Top 10 Universities Of The World.



10. University of Chicago – United States.

The university, established at its current location in 1890, but with institutional origins dating back to 1856 (see Old University of Chicago), is composed of the College, various graduate programs, and interdisciplinary committees organized into five academic research divisions and seven professional schools. Beyond the arts and sciences, Chicago is also well known for its professional schools, which include the Pritzker School of Medicine, the Booth School of Business, the Law School, the School of Social Service Administration, the Harris School of Public Policy Studies, the Divinity School and the Graham School of Continuing Liberal and Professional Studies. The university currently enrolls approximately 5,700 students in the College and around 15,000 students overall.

9. Imperial College London – United Kingdom

Imperial College London is a public research university located in London, United Kingdom. Its founder, Prince Albert, envisioned an area composed of the Victoria and Albert Museum, Natural History Museum, Royal Albert Hall, and the Imperial Institute. His wife, Queen Victoria, laid the foundation stone for the Imperial Institute in 1888. Imperial College London was granted Royal Charter in 1907. In the same year, the college joined the University of London, before leaving it a century later. Through merging with several historic medical schools, the curriculum expanded to include medicine. In 2004, Queen Elizabeth II opened the Imperial College Business School.

8. ETH Zurich – Swiss Federal Institute of Technology – Switzerland

ETH Zurich (Swiss Federal Institute of Technology in Zurich; German: Eidgenössische Technische Hochschule Zürich) is a science, technology, engineering and mathematics university in the city of Zürich, Switzerland. Like its sister institution EPFL, it is an integral part of the Swiss Federal Institutes of Technology Domain (ETH Domain) that is directly subordinate to Switzerland's Federal Department of Economic Affairs, Education and Research. The school was founded by the Swiss Federal Government in 1854 with the stated mission to educate engineers and scientists, serve as a national center of excellence in science and technology and provide a hub for interaction between the scientific community and industry.

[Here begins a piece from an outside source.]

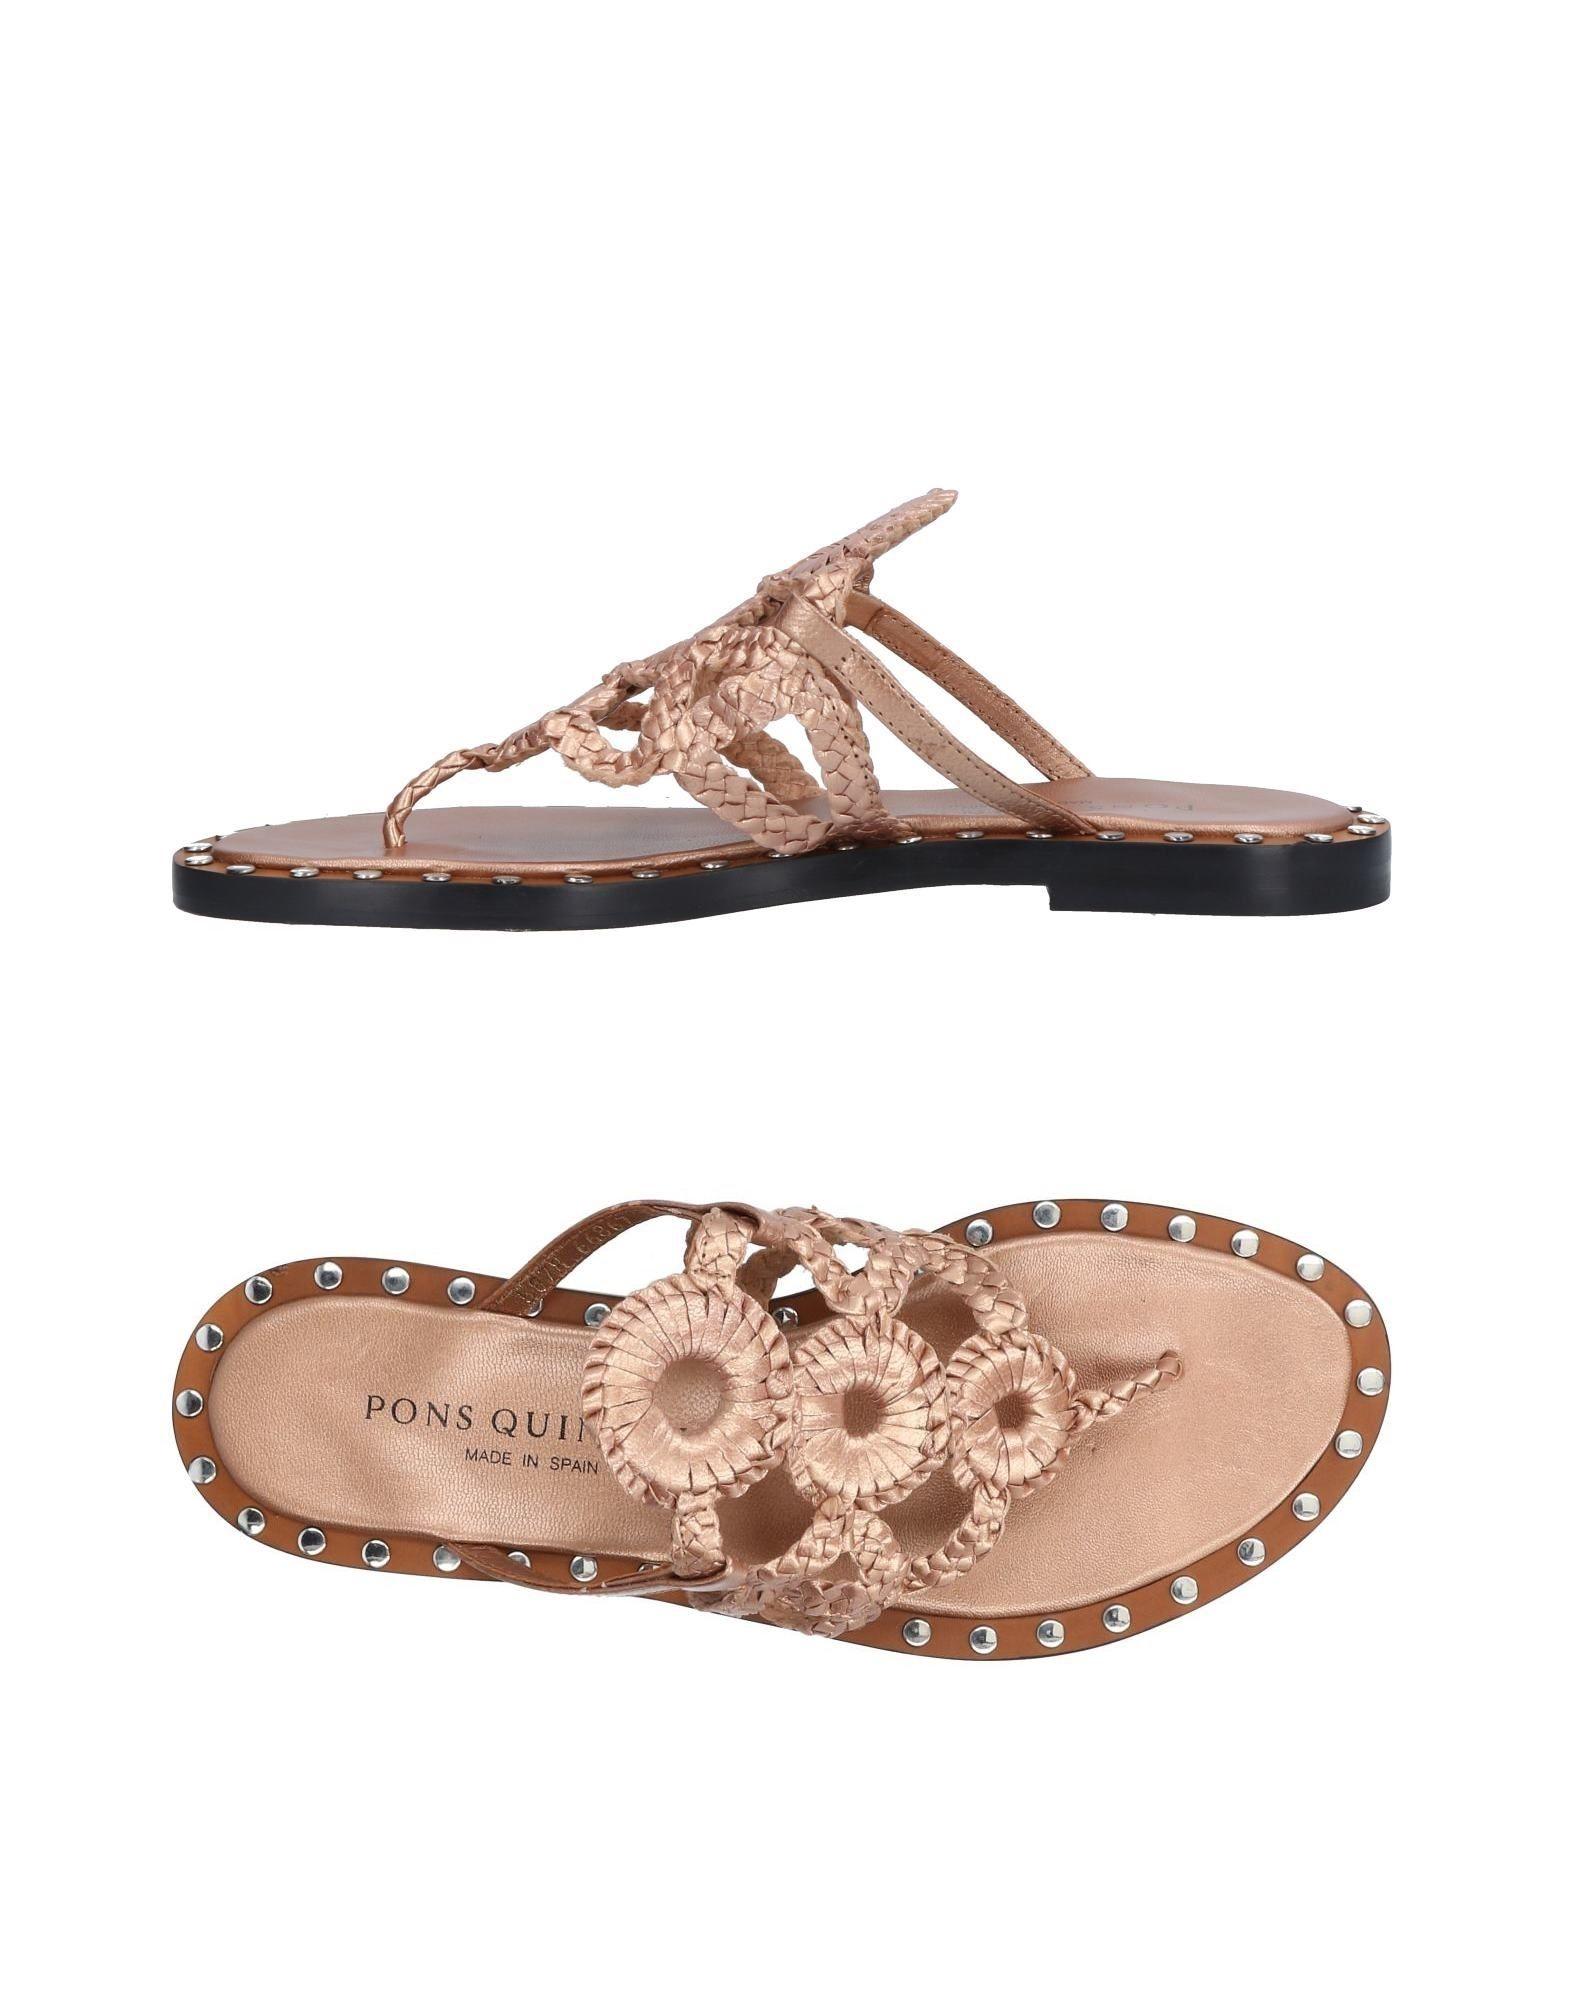 Pons Quintana Dianetten Damen  11433877IH Gute Qualität beliebte Schuhe
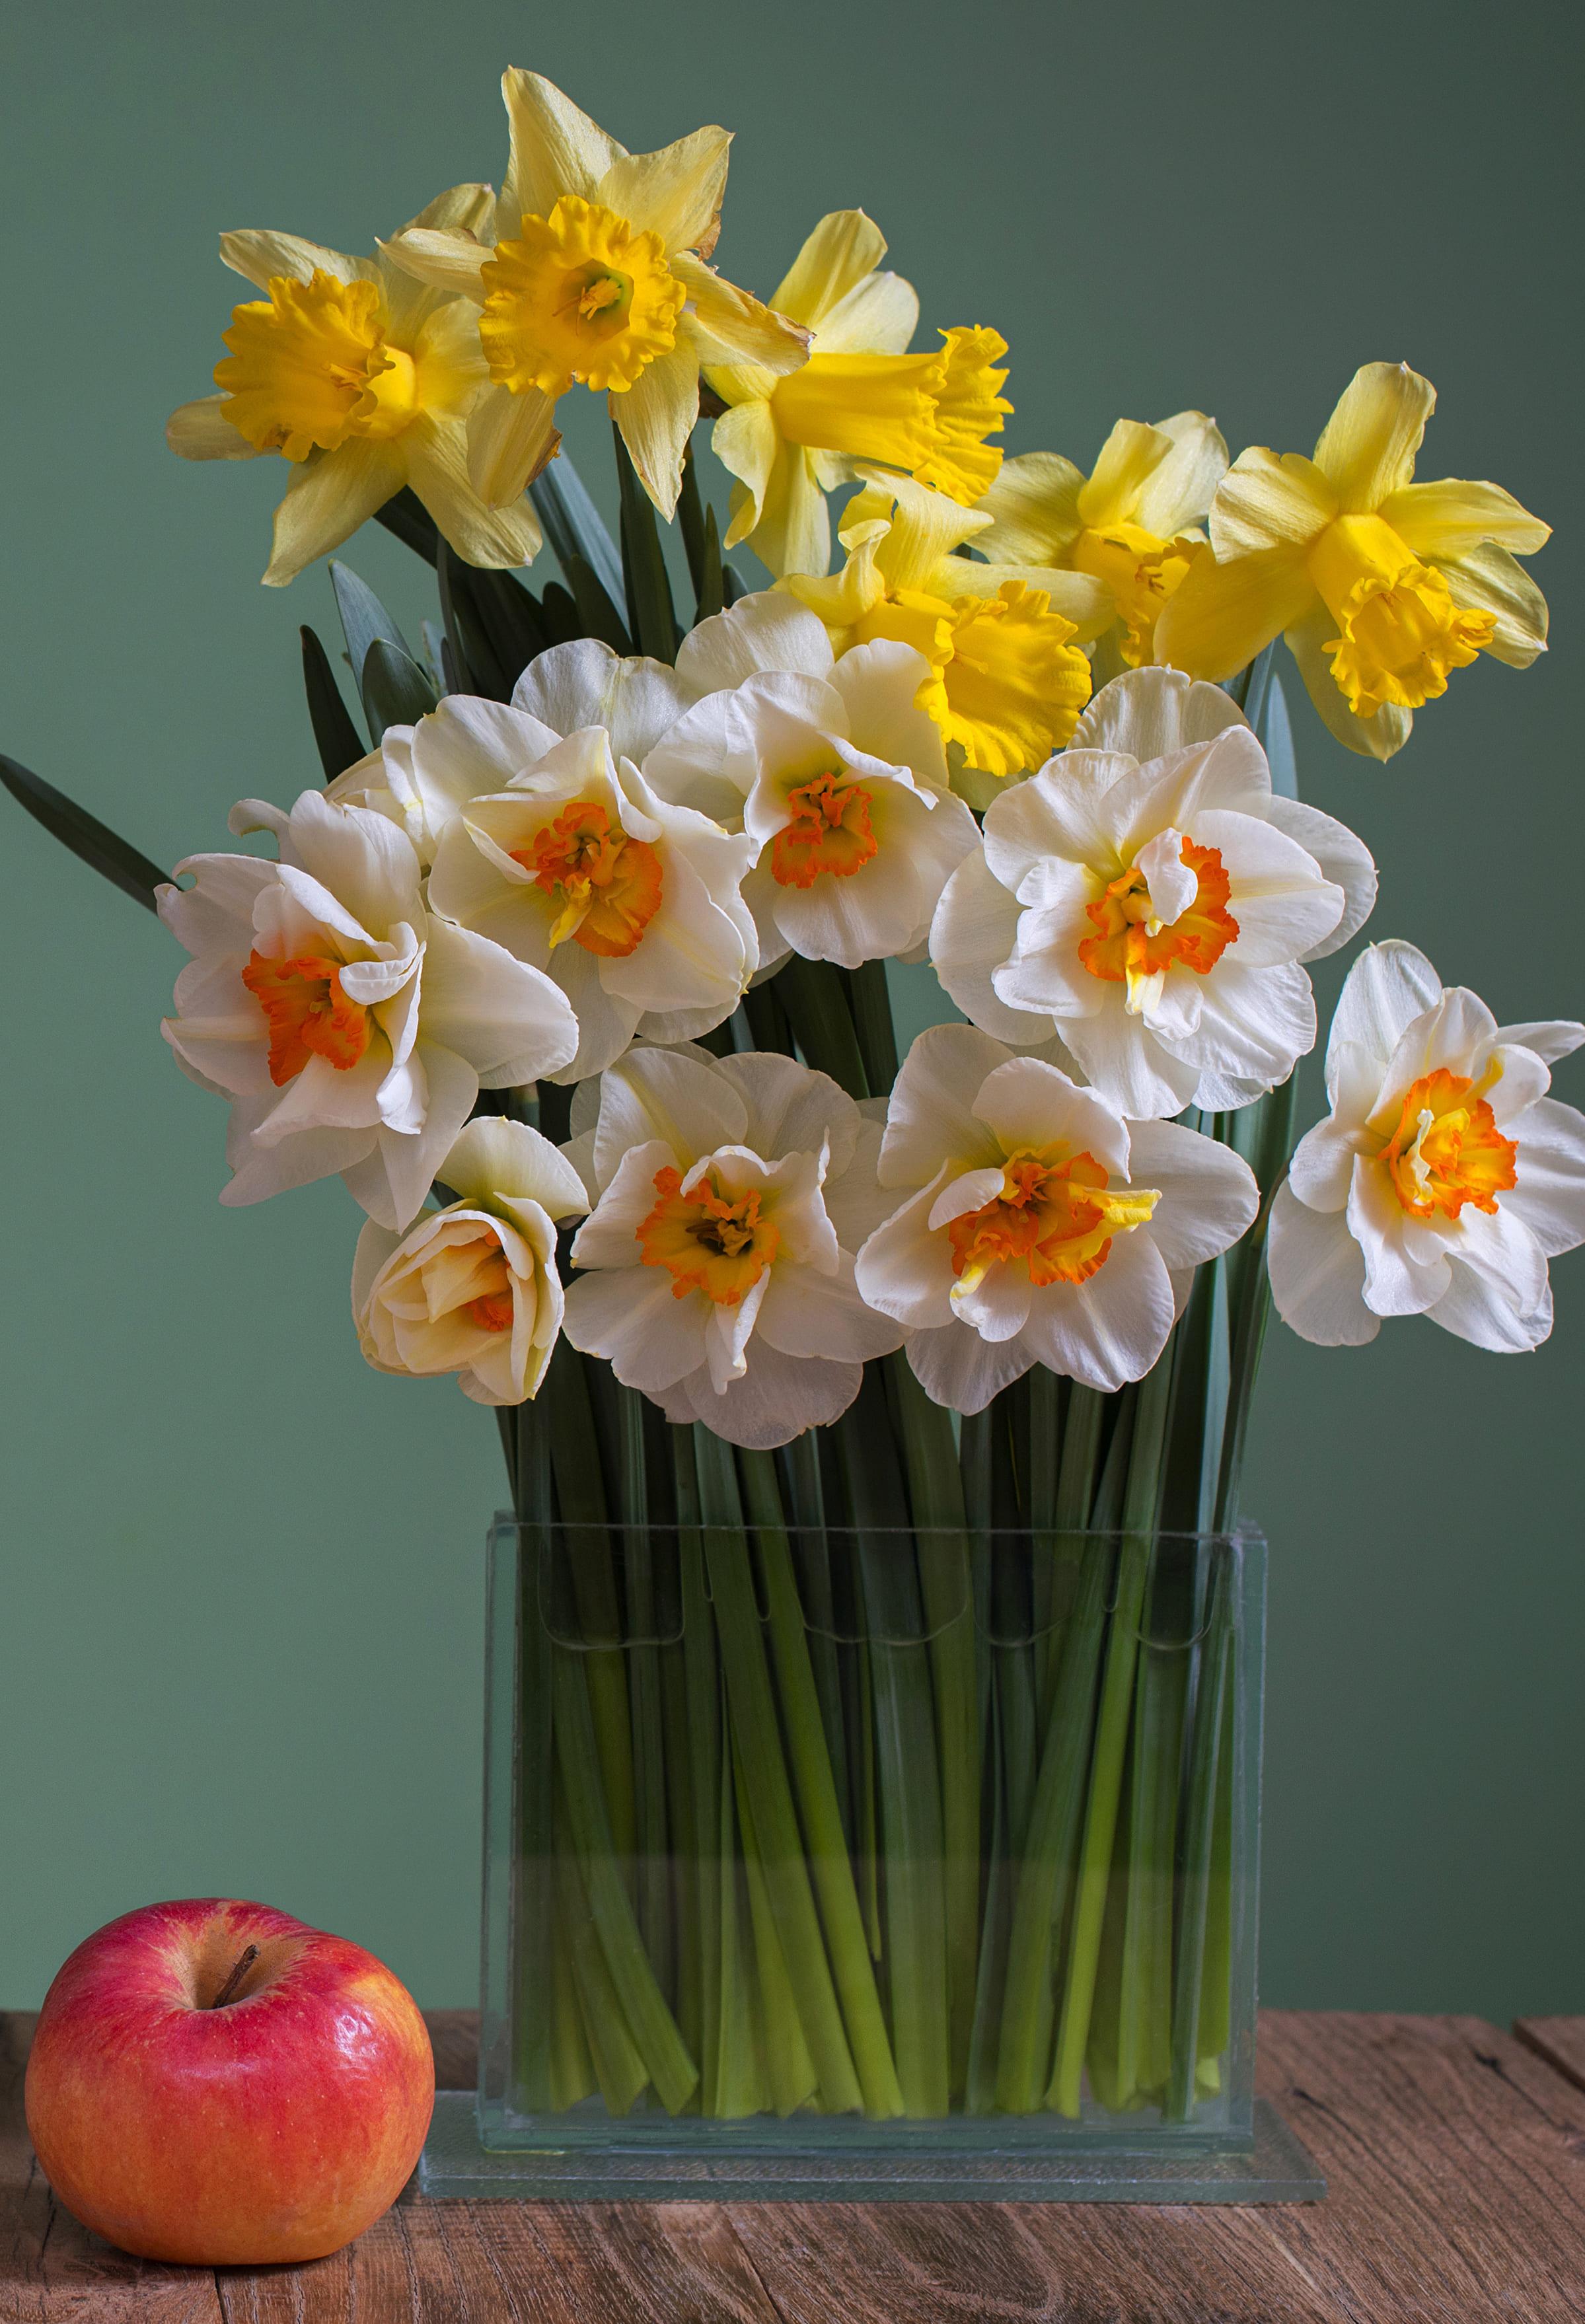 daffodils-photo-98

7. UCL (University College London) – United Kingdom

University College London (UCL) is a public research university in London, England, and a constituent college of the federal University of London. It is the third-largest university in the United Kingdom by total enrollment (and largest by postgraduate enrollment) and is regarded as one of the world's leading universities. Established in 1826 as London University by founders inspired by the radical ideas of Jeremy Bentham, UCL was the first university institution to be established in London, and the first in England to be entirely secular and to admit students regardless of their religion. UCL also makes the contested claims of being the third-oldest university in England and the first to admit women. In 1836 UCL became one of the two founding colleges of the University of London, which was granted a royal charter in the same year. It has grown through mergers, including with the Institute of Neurology (in 1997), the Royal Free Hospital Medical School (in 1998), the Eastman Dental Institute (in 1999), the School of Slavonic and East European Studies (in 1999), the School of Pharmacy (in 2012) and the Institute of Education (in 2014).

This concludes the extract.